### What is expected
Write down exactly the lines from the one below that has "Chateau de Versailles, France⁣" to the end of the data, both ends included; the pictures should not appear in your copy.

### Supplied data
◇ ◇ ◇ ◇

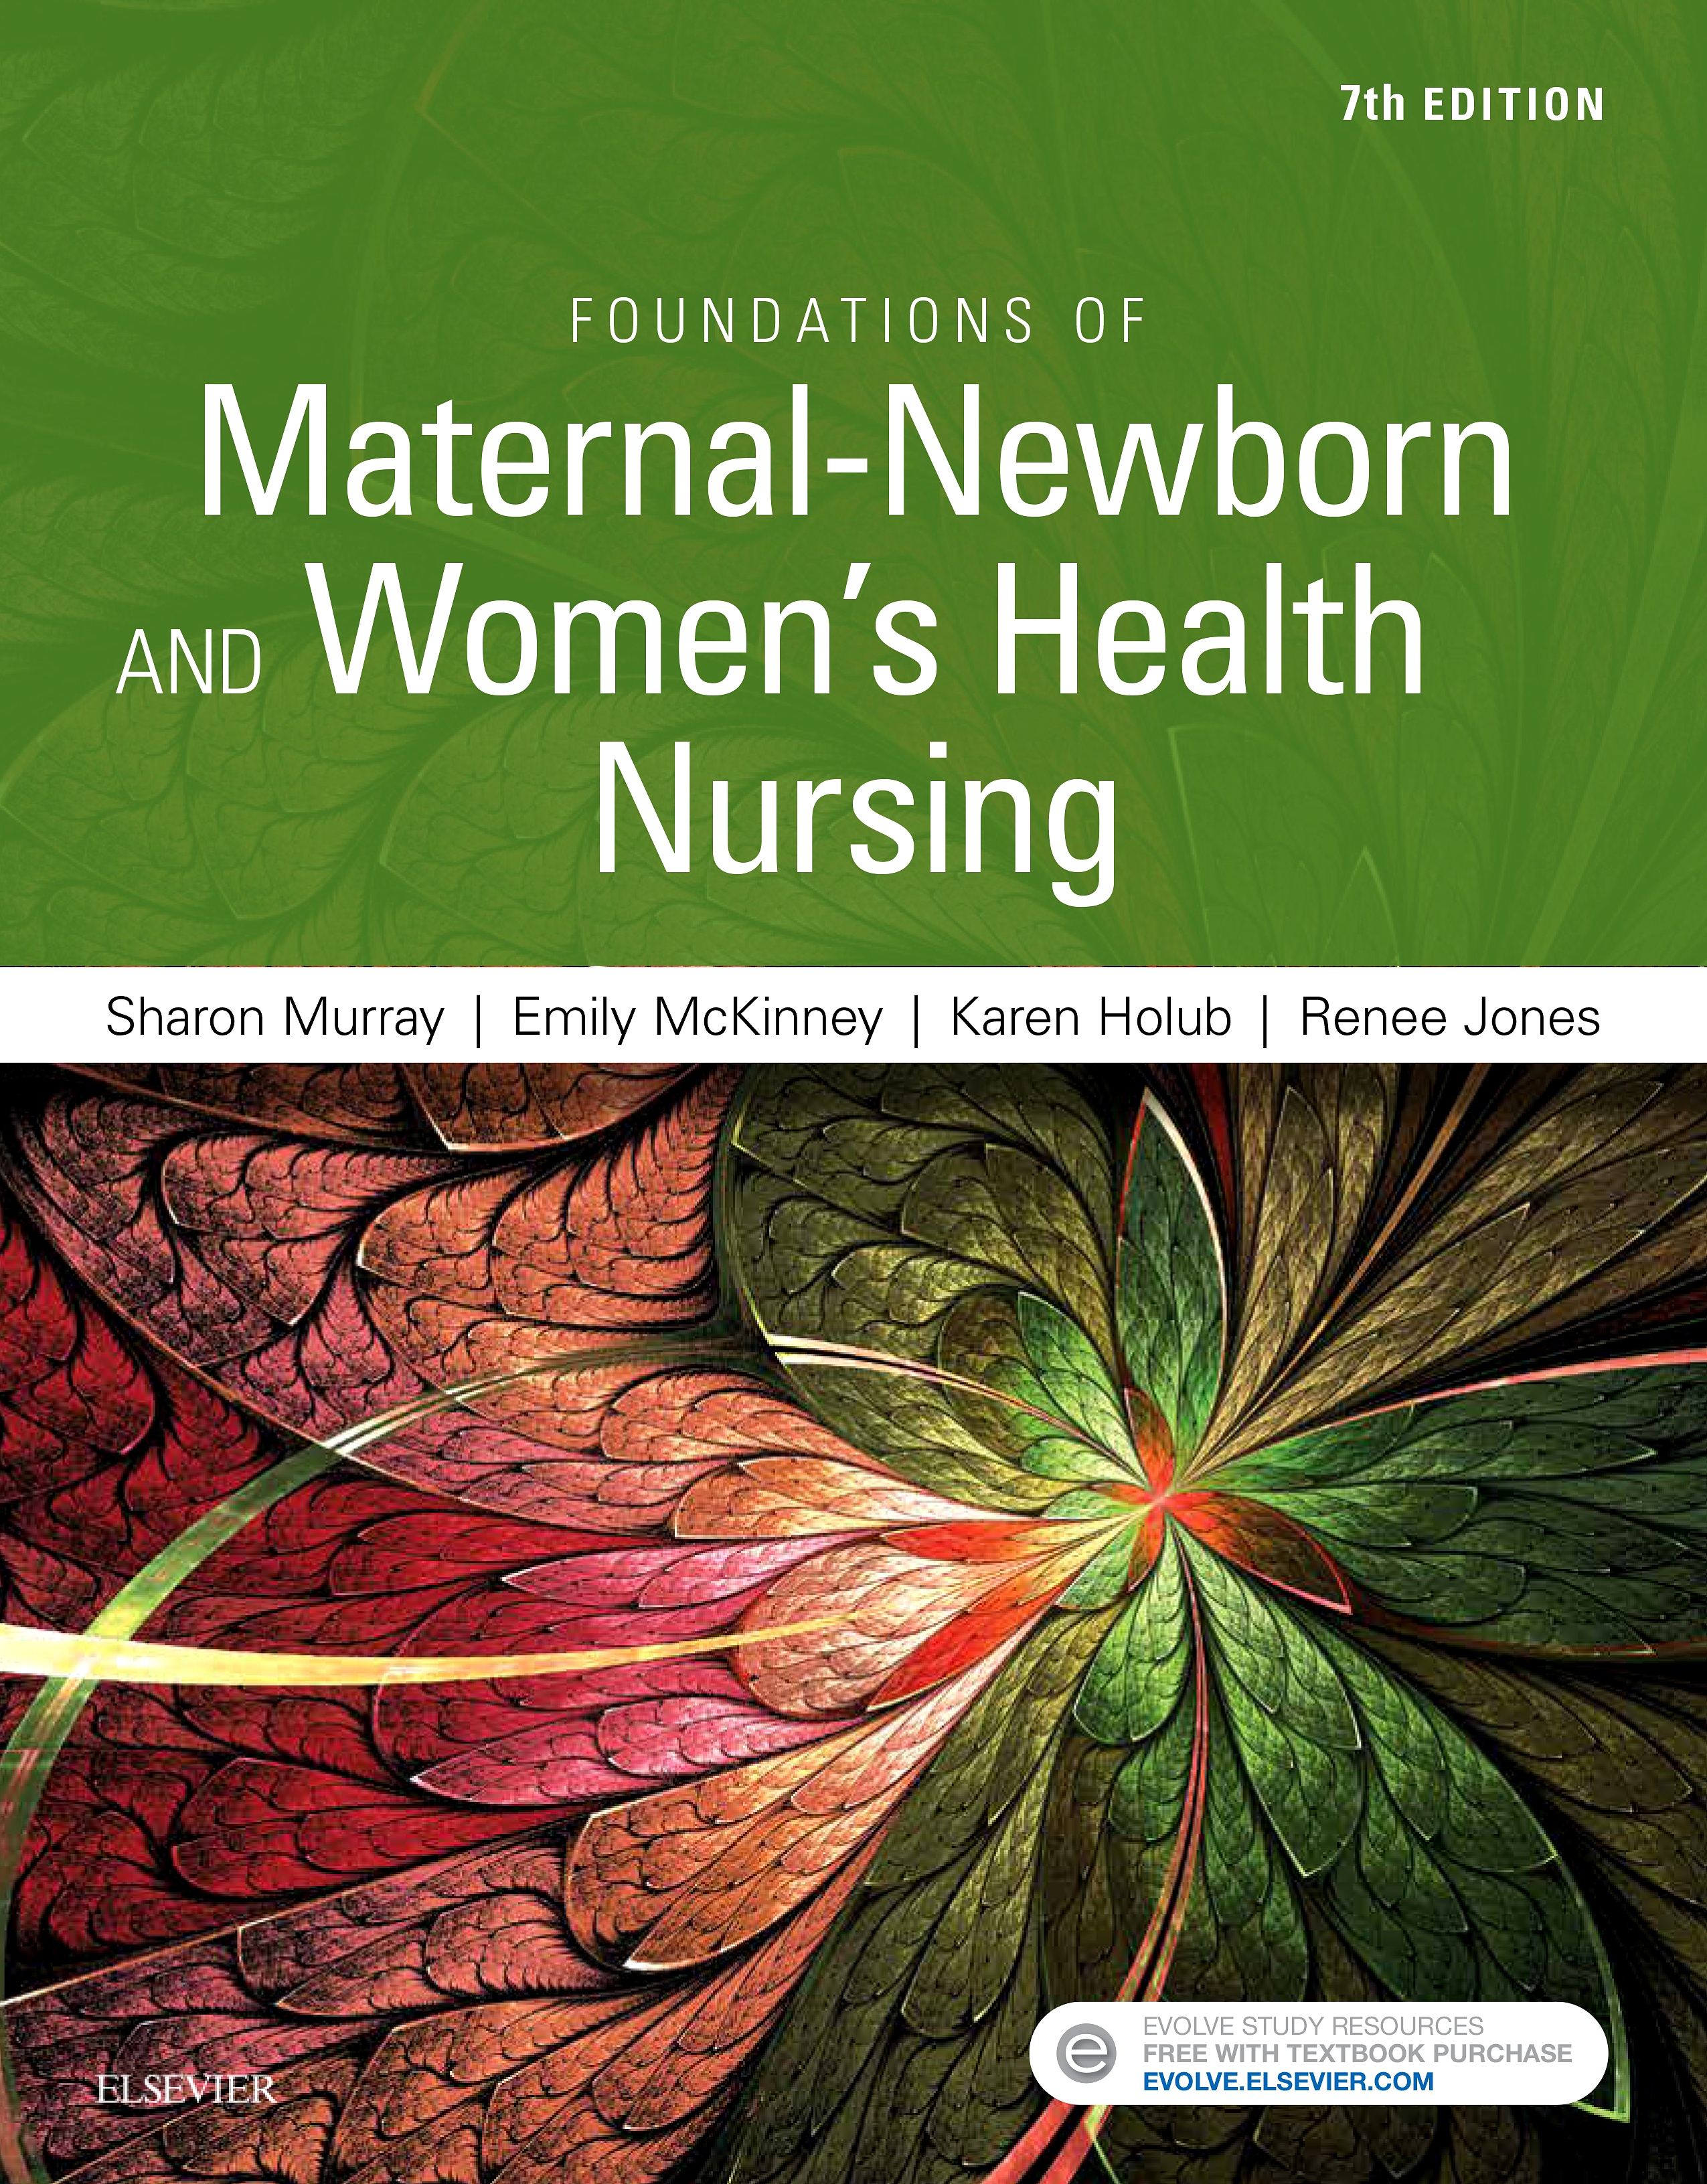 Evolve Resources for Foundations of Maternal-Newborn & Women's Health Nursing, 7th
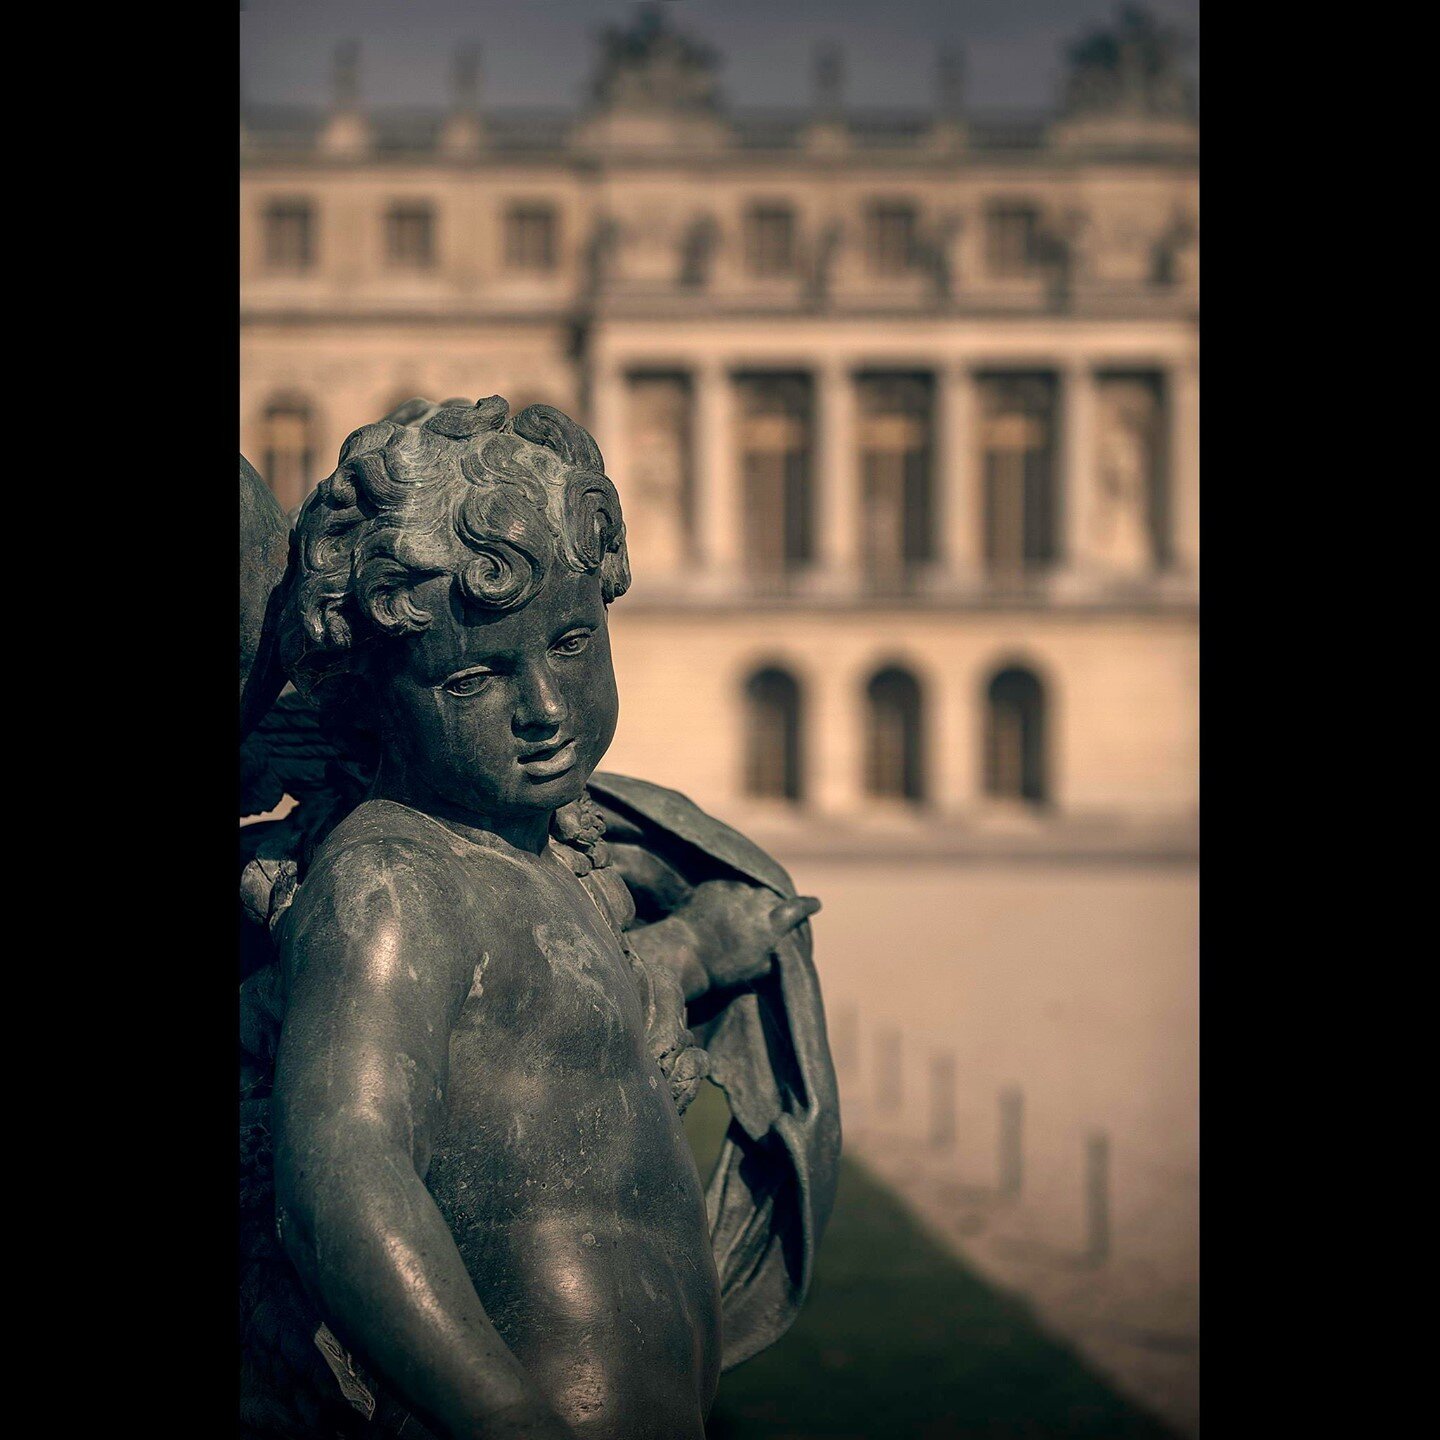 Chateau de Versailles, France⁣
⁣
Louis XIV was born in Paris in 1638, he was the eldest son of King Louis XIII. Louis was the oldest of only two surviving boys.  In 1643, Louis XIII died at the age of 41.  He had planned a regency council who would r

◇ ◇ ◇ ◇

### Solved problem
 Chateau de Versailles, France⁣
⁣
Louis XIV was born in Paris in 1638, he was the eldest son of King Louis XIII. Louis was the oldest of only two surviving boys.  In 1643, Louis XIII died at the age of 41.  He had planned a regency council who would r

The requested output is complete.